▶ _Problem_
Pictures in the listing below are skipped, while the lines from the "24/7 shipping services" line through the "A LARGE JAPANESE" line are returned word for word.

[Data in this exercise — start]

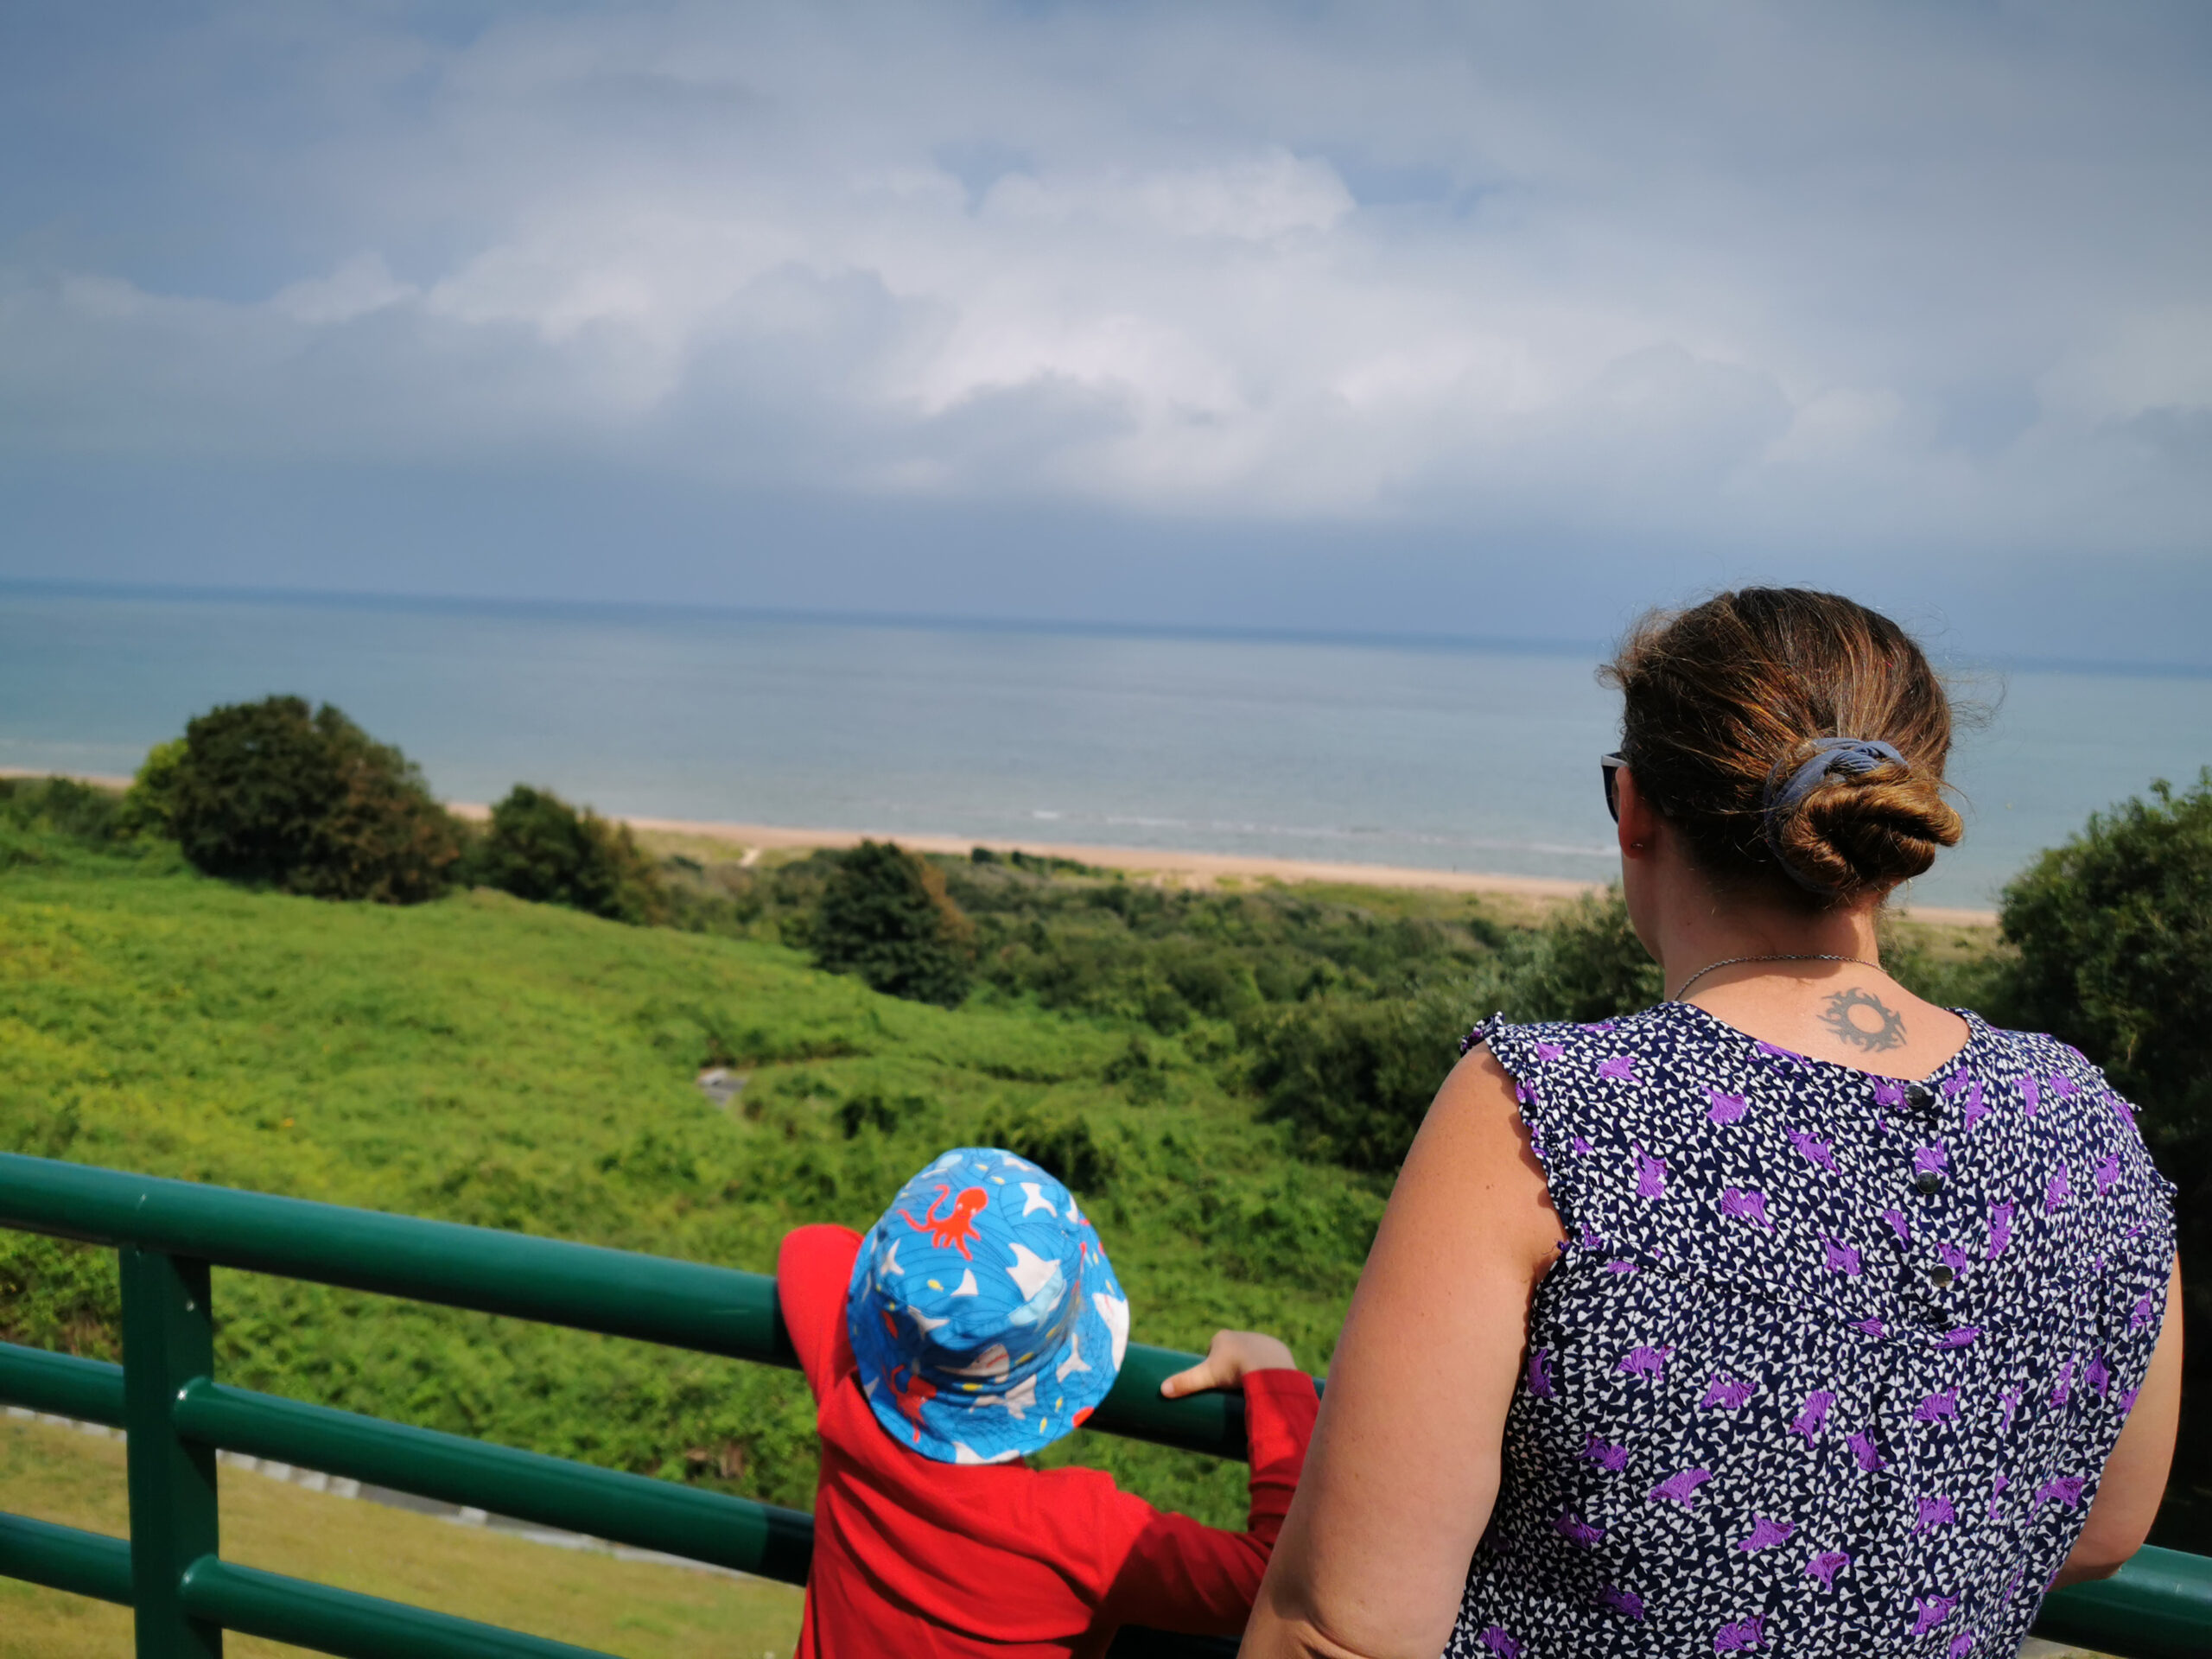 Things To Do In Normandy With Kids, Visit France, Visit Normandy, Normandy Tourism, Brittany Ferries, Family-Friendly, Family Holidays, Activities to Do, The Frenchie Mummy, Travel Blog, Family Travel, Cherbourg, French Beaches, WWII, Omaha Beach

[Data in this exercise — finish]
[Data in this exercise — start]

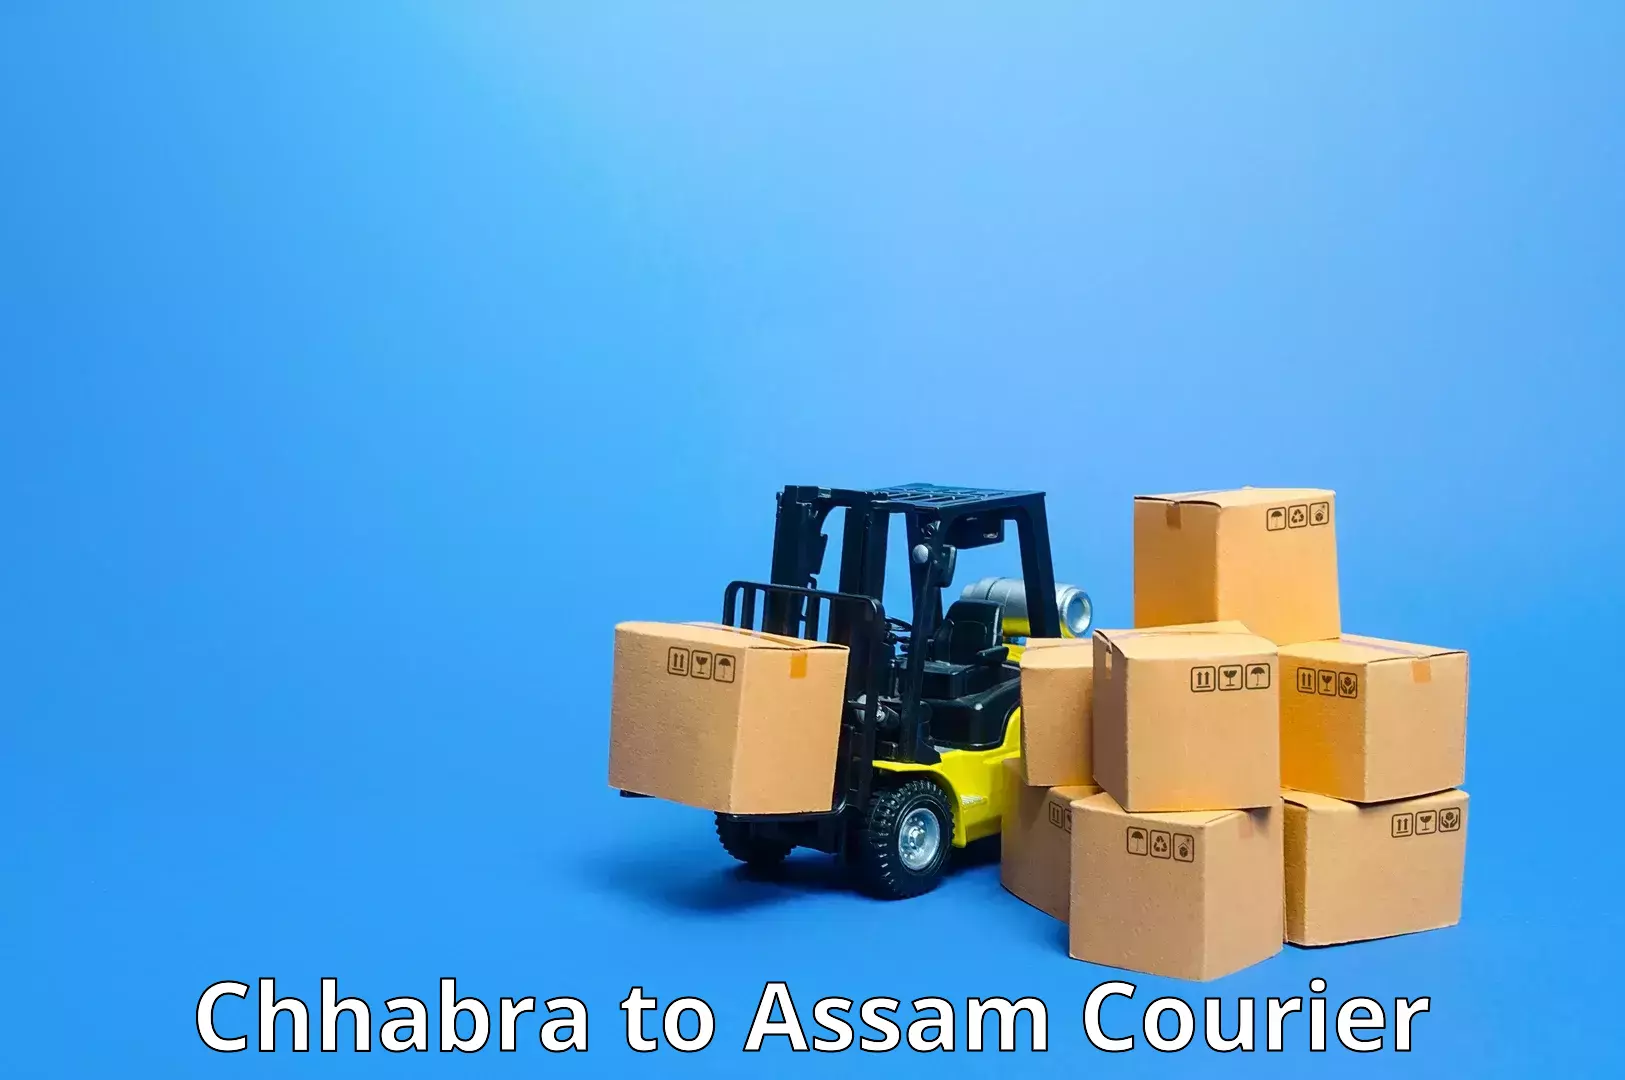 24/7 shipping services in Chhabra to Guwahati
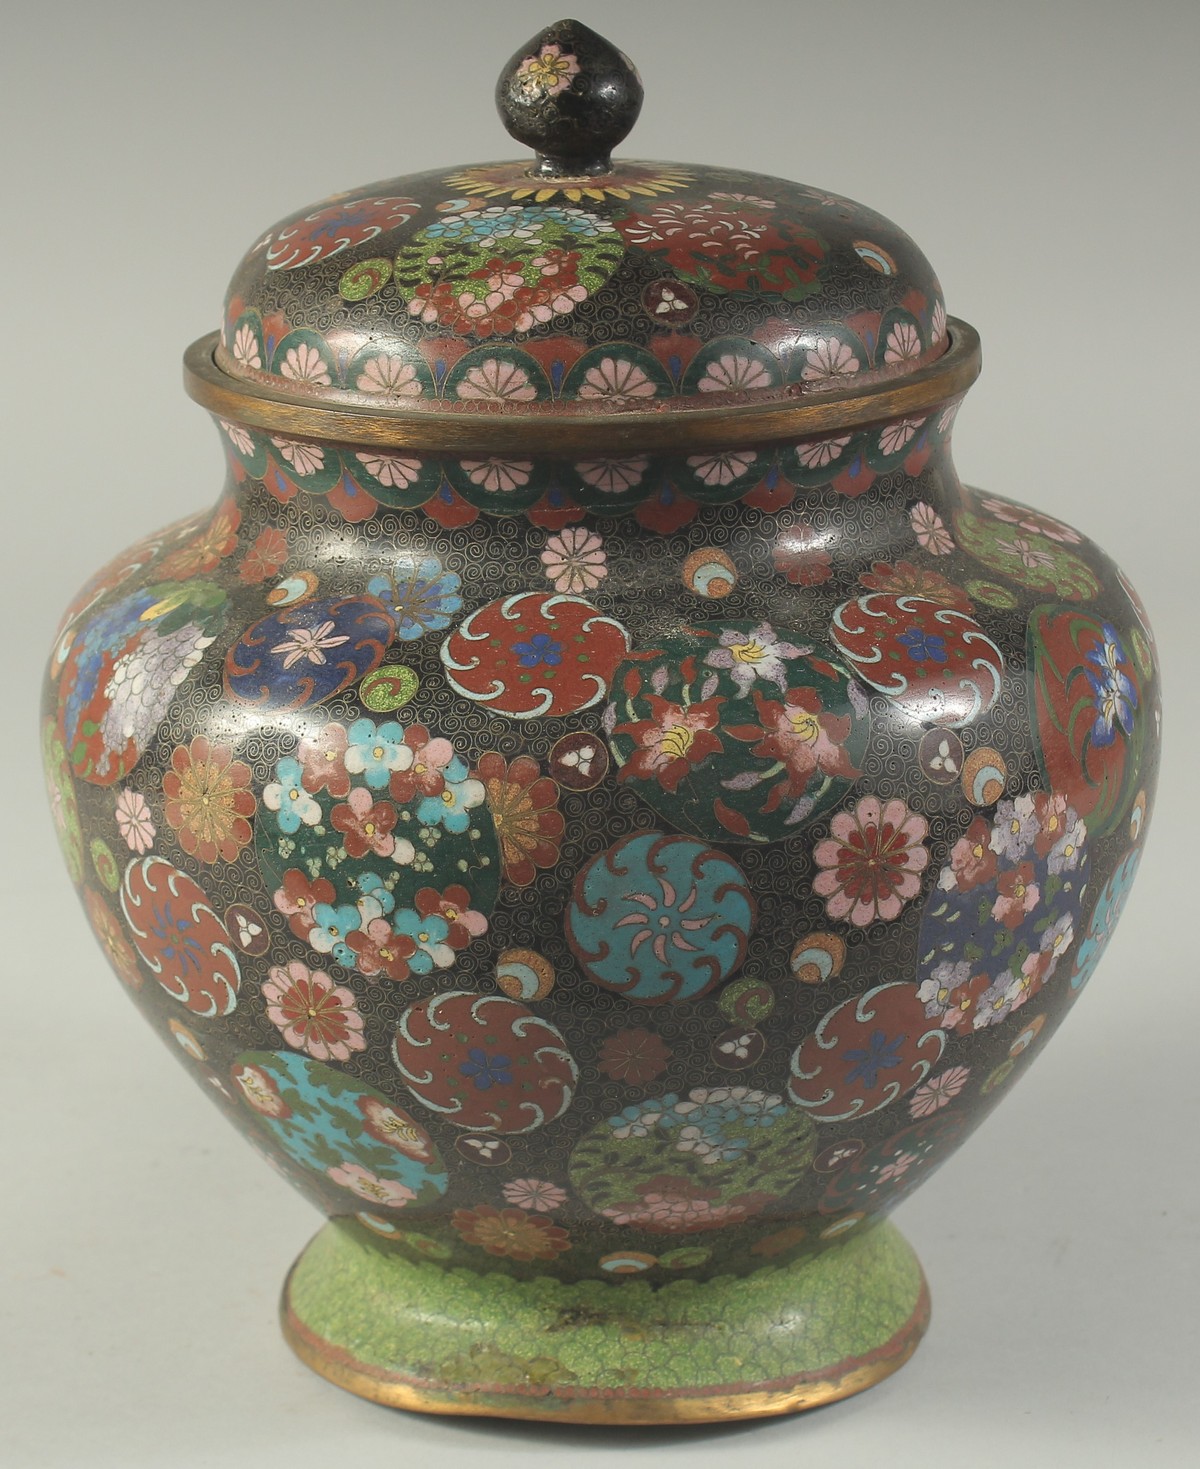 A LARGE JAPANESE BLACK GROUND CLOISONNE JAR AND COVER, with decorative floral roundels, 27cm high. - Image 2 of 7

[Data in this exercise — finish]

▶ _Response to the task_
 24/7 shipping services in Chhabra to Guwahati
 A LARGE JAPANESE BLACK GROUND CLOISONNE JAR AND COVER, with decorative floral roundels, 27cm high. - Image 2 of 7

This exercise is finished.